When a person thinks about active management, they must clearly understand what they are paying for. In the case of LHV, it is easy. We say very openly that while stock markets are important to us, the majority of our clients’ assets are invested in other asset classes that do not always move in the same direction or at the same pace as stock markets and may follow a completely different logic. Yes, investing in them is somewhat more expensive, but that is the price of significantly better diversification. We do not want to depend so heavily solely on what happens in the stock markets. Moreover, our return expectation for all asset classes in the long term is higher than in the stock markets. For example, LHV pension funds do not invest in real estate where the long-term return expectation is less than 8%, or private equity where it is below 12%. All in all, we want to reduce dependence on stock markets without making compromises in long-term returns.

It seems that people’s risk appetite has grown, but the risks associated with investing have been discussed less in recent years. How does LHV view this?

It is clear that there is no return without taking risks. The ABC of investing says that if you put bonds and shares in the same picture, and this is very dangerous given all the simplifications, you can say that bonds are safe and stocks are risky. The expected return of a bond is lower and a stock’s is higher. Real life is much more interesting. LHV says that by taking stocks and adding private and venture capital, local bonds, and real estate to the mix, you do not have to compromise on returns, but the risk of short-term fluctuations is significantly lower. This is because not all these risk assets move in the same direction all the time. Our active management refutes the scale that low risk equals low return and vice versa.

When we talk about local bonds, real estate or private equity funds, we like them because we are able to actively manage and control the risks ourselves here. Together with local companies, we discuss the terms of the bond, guarantees, repayment schedules, interest rates, etc. We can manage risks much better without compromising returns when we bring investments closer to home. In a sense, through our actions, we can really influence how a specific company is managed.

It is the same with real estate, where we make direct investments to have full control. We are the masters of our own destiny. We can look for tenants ourselves, negotiate lease terms, and also only blame ourselves if everything does not go as expected. We like a hands-on approach. In difficult situations, we do not throw our hands up and say sadly that it is a pity. Instead, we can put our finger on the problem and say that it went poorly for one specific reason or another. At the same time, this means we can actively change things and resolve the situation ourselves.
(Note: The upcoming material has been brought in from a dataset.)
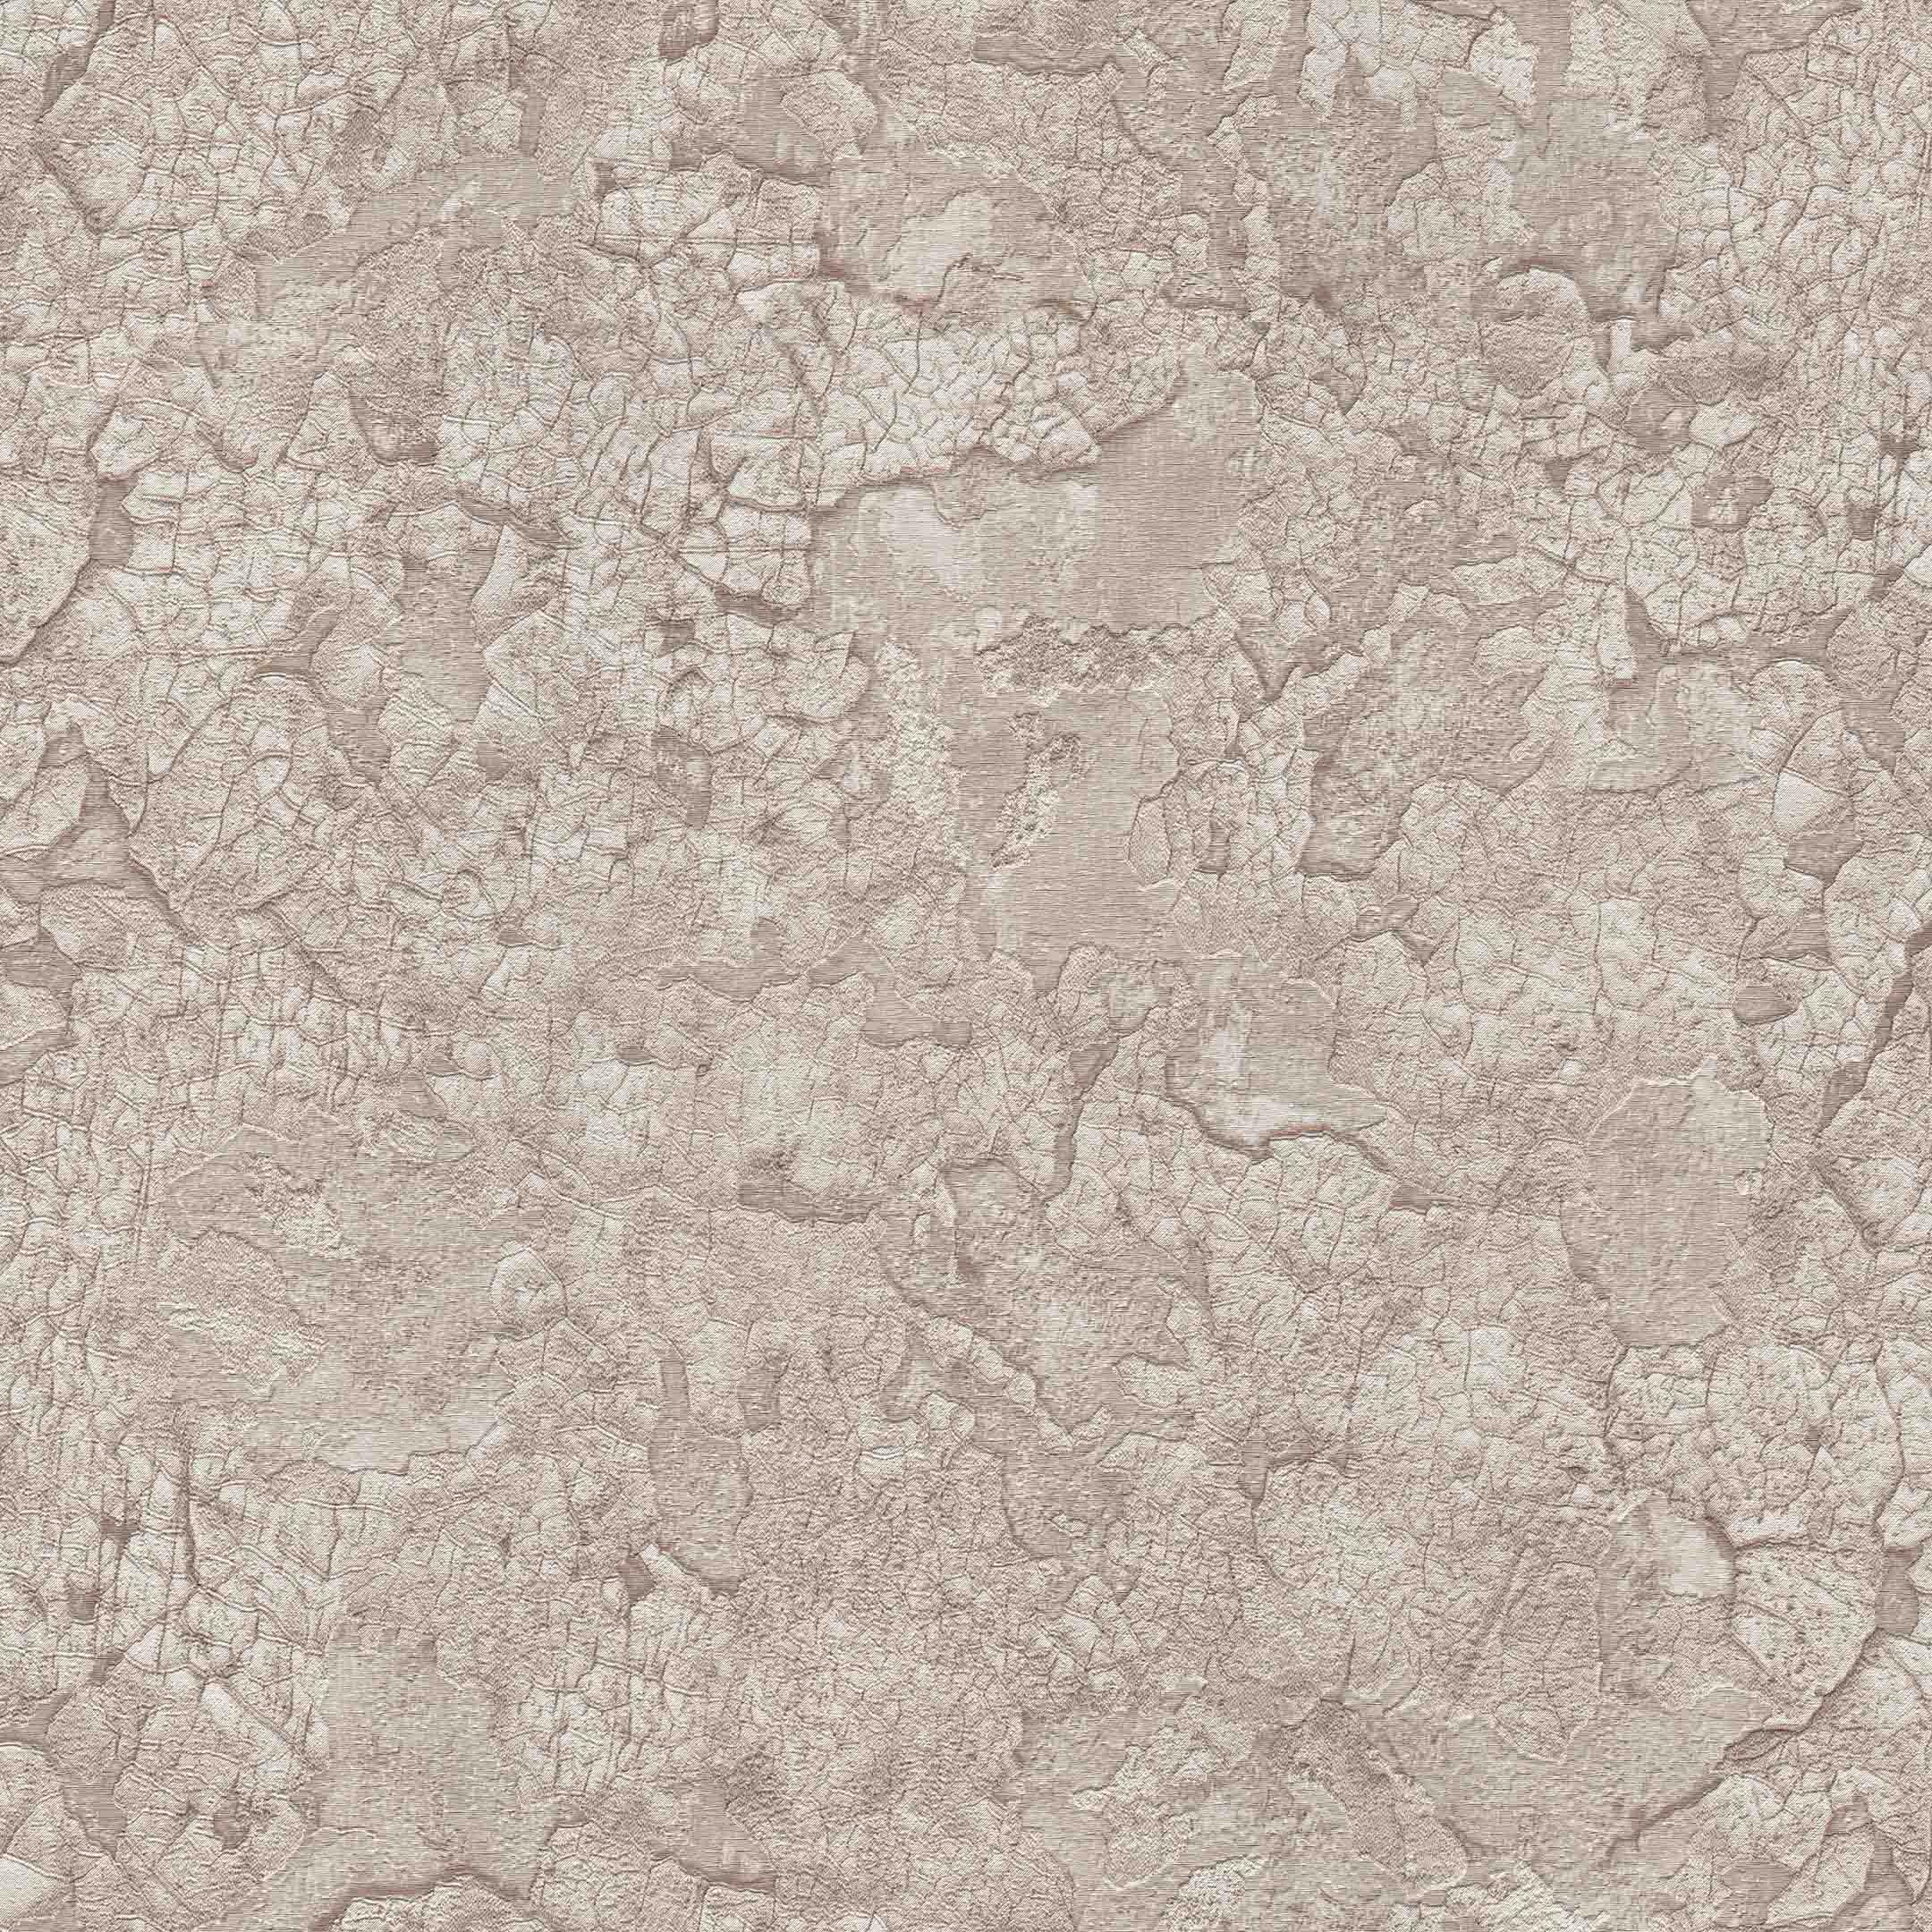 цена на Обои виниловые на флизелиновой основе Zambaiti Murella Moda M53055 (1,06х10,05 м)

Finally, what message do you have for people who are worried or uncertain about the current situation?

From the perspective of general wealth and coping, life in Estonia has never been as good as it is now. However, if the frenzy of pension funds is making one anxious, LHV has many good options to help them sleep well. However, even more important than a specific fund choice is saving, investing, and the consistent accumulation of capital in general.